Speaker
Description
Dynamical Casimir effect (DCE) designates a plethora of phenomena characterized by generation of photons (or quanta of some other field) from vacuum due to time-dependent variations of the geometry (dimensions) or material properties (e.g., the dielectric constant or conductivity) of some macroscopic system. The circuit QED architecture is a handy platform for the implementation of DCE and its analogues, since both the cavity's and artificial atoms' properties can be rapidly modulated by external magnetic field. In particular, the generation of photons and light-matter entangled states from the initial vacuum state can take place for a resonant time-modulation of the atomic transition frequency or the atom-field coupling strength, when the atom is directly coupled to the field via the dipole interaction (as described by the Quantum Rabi Model). In this case, one can think of the atom as a microscopic constituent of the intracavity medium. Here we propose a scheme for the generation of photons from vacuum due to the time-modulation of some quantum system that is "invisible" to the field, namely, some artificial 2-level atom (nonstationary qubit) that is indirectly coupled to the field via some ancilla quantum subsystem. We consider the simplest case when the ancilla is a stationary qubit, coupled via the dipole interaction both to the cavity field and the nonstationary qubit, but our results can be easily generalized to more complex atoms. We find that a small number of photons can be generated from the system ground state under resonant modulations even when the nonstationary qubit is far detuned from both the ancilla and the cavity.
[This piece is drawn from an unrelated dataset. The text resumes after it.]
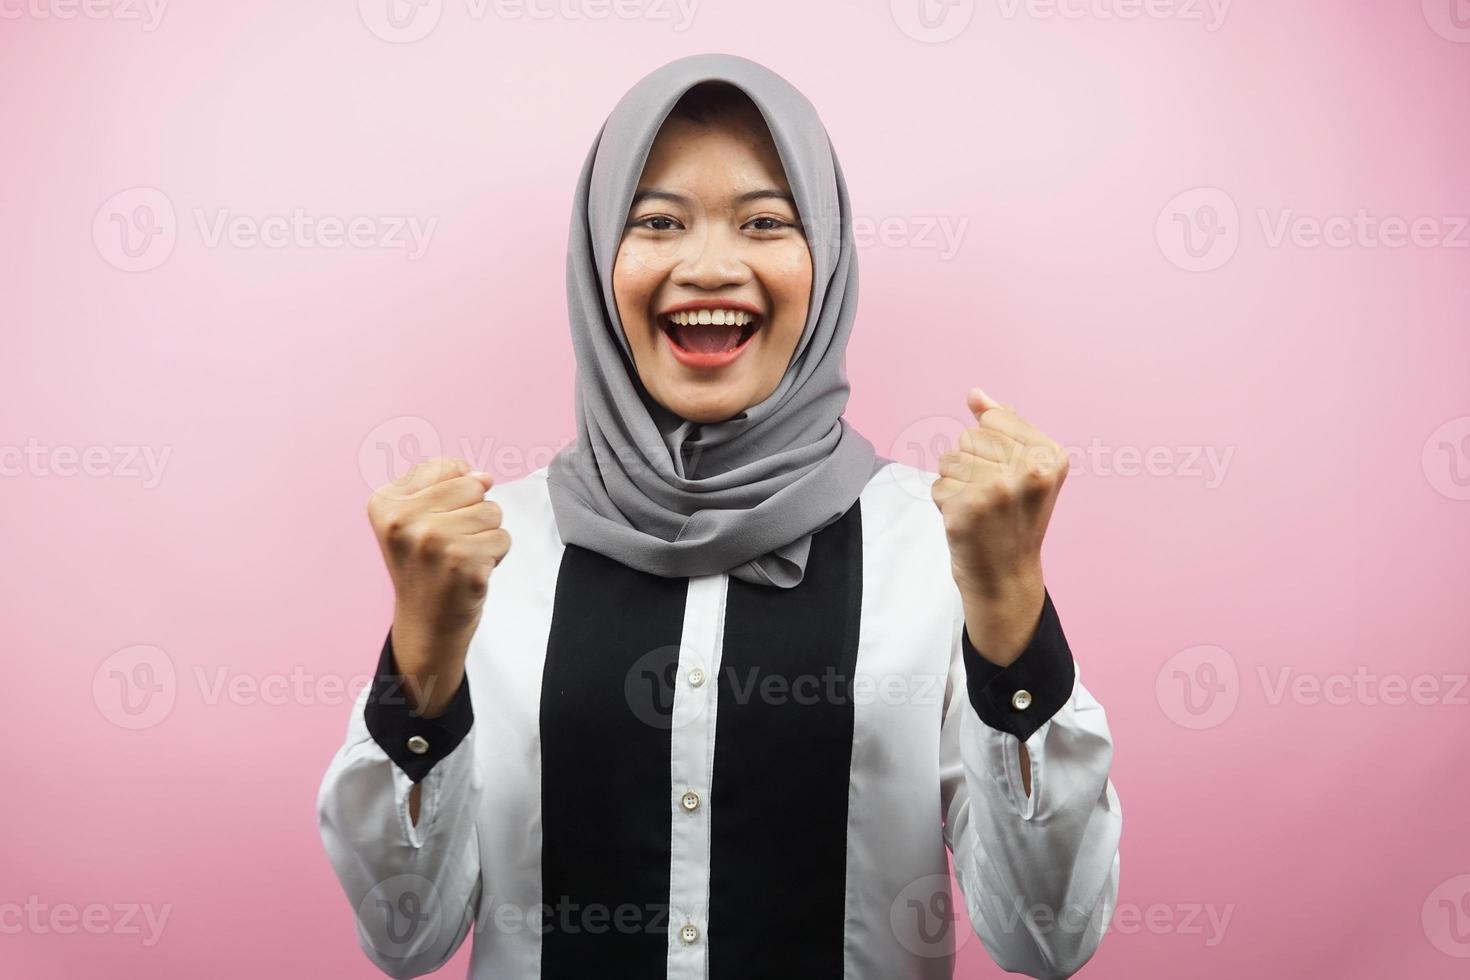 schöne junge asiatische muslimische frau, die selbstbewusst, enthusiastisch und fröhlich mit geballten händen lächelt, zeichen des erfolgs, schlagen, kämpfen, keine angst, einzeln auf rosa hintergrund foto

Moreover, for specific relations between the natural frequencies of the three subsystems the photon generation rate can be strongly enhanced due to the anti-crossings in the energy levels of the bare Hamiltonian, when the system is driven to a triparite entangled state. We attest our approximate analytic results by numeric simulations and show that the photon generation from vacuum persists even in the presence of common dissipation mechanisms. Thus, our scheme could find applications in the engineering of effective interactions and entangled states in hybrid cavity QED systems, when the nonstationary qubit is designed to undergo fast large-amplitude modulations, while the cavity field is coupled to another stationary atom.